Anishinabek storyteller to receive the Civitas Award

Chippewas of Rama and Golden Lake Elder and storyteller Mark Douglas will be recognized with the Civitas Award for his significant contributions to Indigenous education at Lakehead University at the university’s Orillia campus convocation ceremony on June 8. Photo supplied.

By Rick Garrick

ORILLIA—Chippewas of Rama and Golden Lake Elder and storyteller Mark Douglas is looking forward to his upcoming recognition with the Civitas Award at Lakehead University’s Orillia campus convocation ceremony on June 8.

“It was a surprise,” says Douglas, noting that he has shared his stories and teachings at the university’s Faculty of Education for about 11 years. “My wife and I both go and we do a cross-cultural piece helping them to understand who we are as a people and how to work with us. We talk about consensus versus majority rule, talk about restorative justice as an element and how things are in Rama.”

Douglas also speaks about the Mnjikaning Fish Weirs that were used for millennia to provide food for the community.

“They’re 5,000 years old,” Douglas says. “It was the largest wooden fish fence operation on Turtle Island. The fish came through the narrows every spring and fall, the whitefish coming through until the last part of November. It was a very powerful place, we’re talking about 300-600 families all showing up and working together.”

Douglas is recognized for his varied career path, including positions as a police officer, welfare officer and addictions counsellor.

“I worked for Rama for 10 years on the project team for Casino Rama,” Douglas says. “Prior to that, I was the executive director of the Ogemawahj Tribal Council for three years, prior to that I worked with the Native Community Branch of the Ministry of Citizenship and Culture.”

Douglas is recognized for understanding different perspectives and learning how to help others achieve their goals and assist them in seeing their potential.

“I’m of the loon clan and I’m pretty confident the loon sees life in a very particular way,” Douglas says. “We have to listen real hard to hear the other six clans and how they see life, and it’s always a little different, sometimes big time different and sometimes it’s just a subtle difference. Learning to accept the way [others] see life, rather than arguing, is really the point we are trying to make, and how to build consensus versus ‘my way is the right way and your way is wrong’.”

Douglas is also recognized for using his skills to support youth and encourage social interaction and cultural teaching.

“What we’re really taking about is life and how to get involved, easing yourself into community, doing the walk about, going to the store, talking to the older people,” Douglas says. “We talked a little bit about the shyness of our people — it takes a while for them to warm up a bit before we’re comfortable in knowing who you are and we are able to speak.”

Douglas is being recognized during the convocation ceremony along with Charles Pachter, an internationally recognized contemporary artist who studied French literature at the Sorbonne in Paris, painting and graphics at the Cranbrook Academy of Art in Michigan and art history at the University of Toronto.

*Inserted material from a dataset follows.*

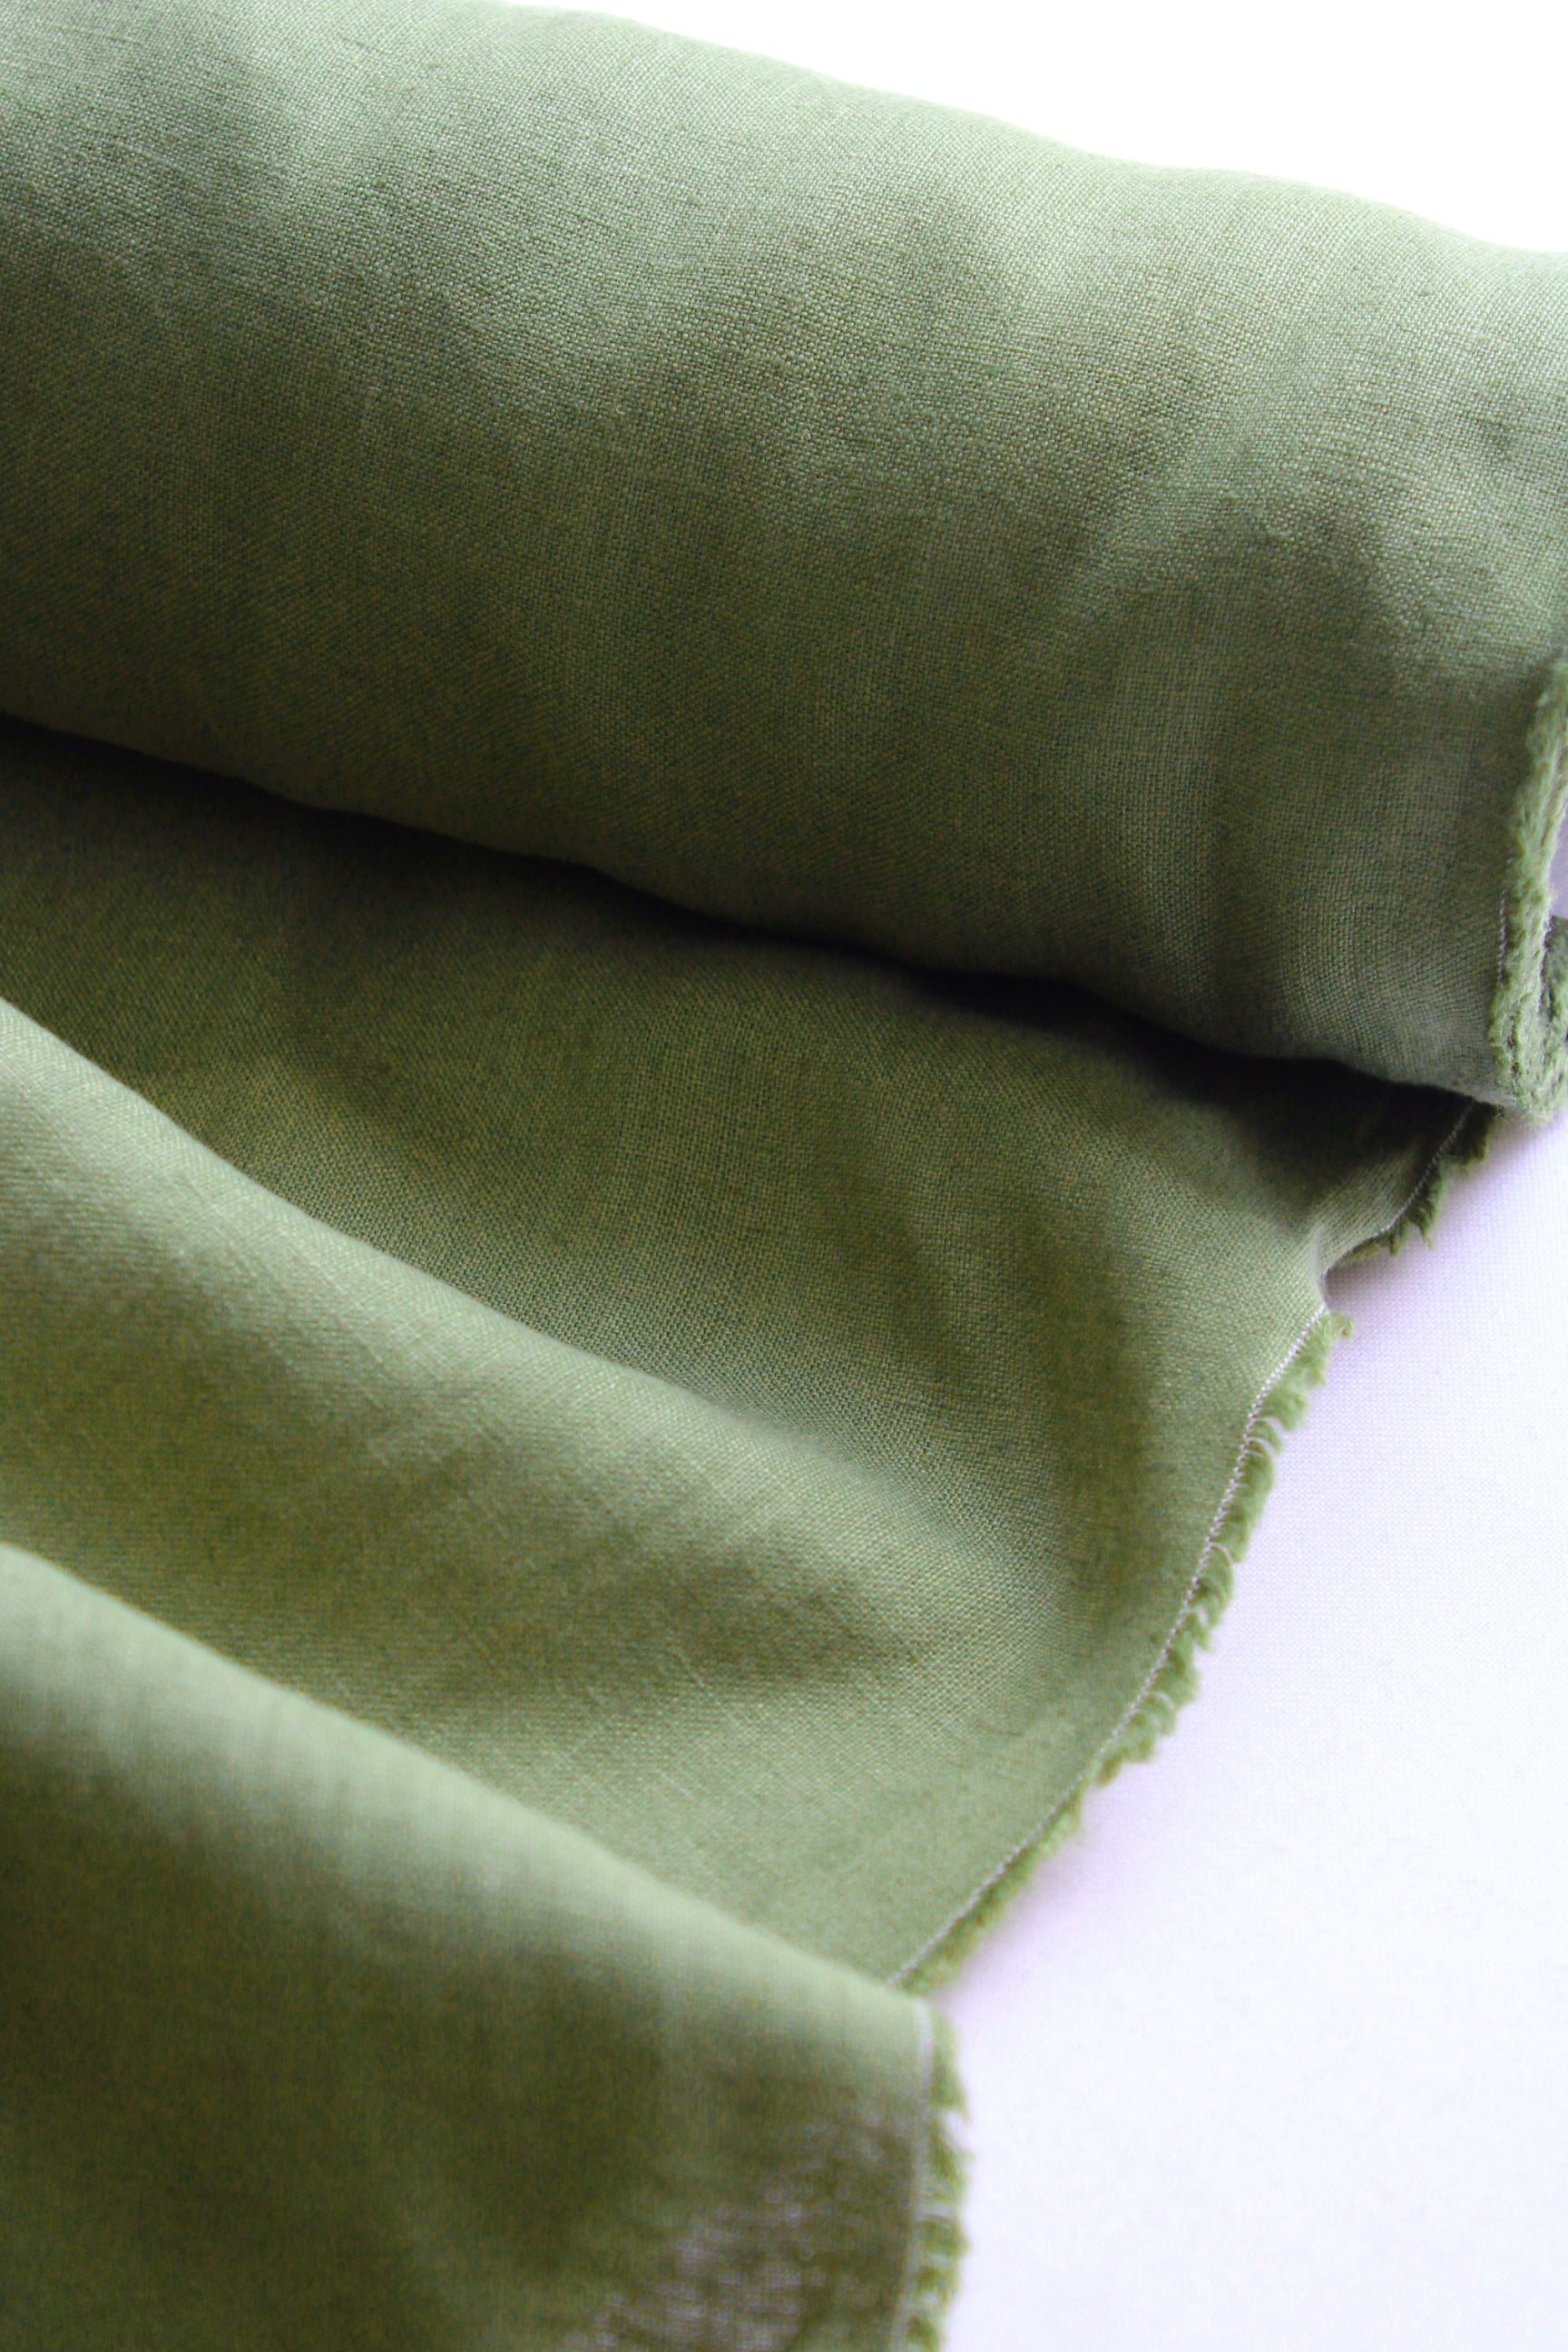 Siena Khaki Linen Fabric - AVLEN

“Mark has made significant contributions to Indigenous education at Lakehead University, ensuring that Indigenous peoples and their perspectives assume a rightful place in education teacher training in Ontario,” says Dean Jobin-Bevans, principal at Lakehead University’s Orillia Campus.

Fort William Elder Marlene Pierre; Tanya Talaga, author of Seven Fallen Feathers and All Our Relations: Finding The Path Forward; Gwen O’Reilly, a Lakehead University HBSc Forestry graduate who helped start up the university’s first women’s centre ; and Colin Bruce, former publisher and general manager of The Chronicle-Journal, will also be recognized on June 1 at Lakehead University’s Thunder Bay campus convocation ceremony.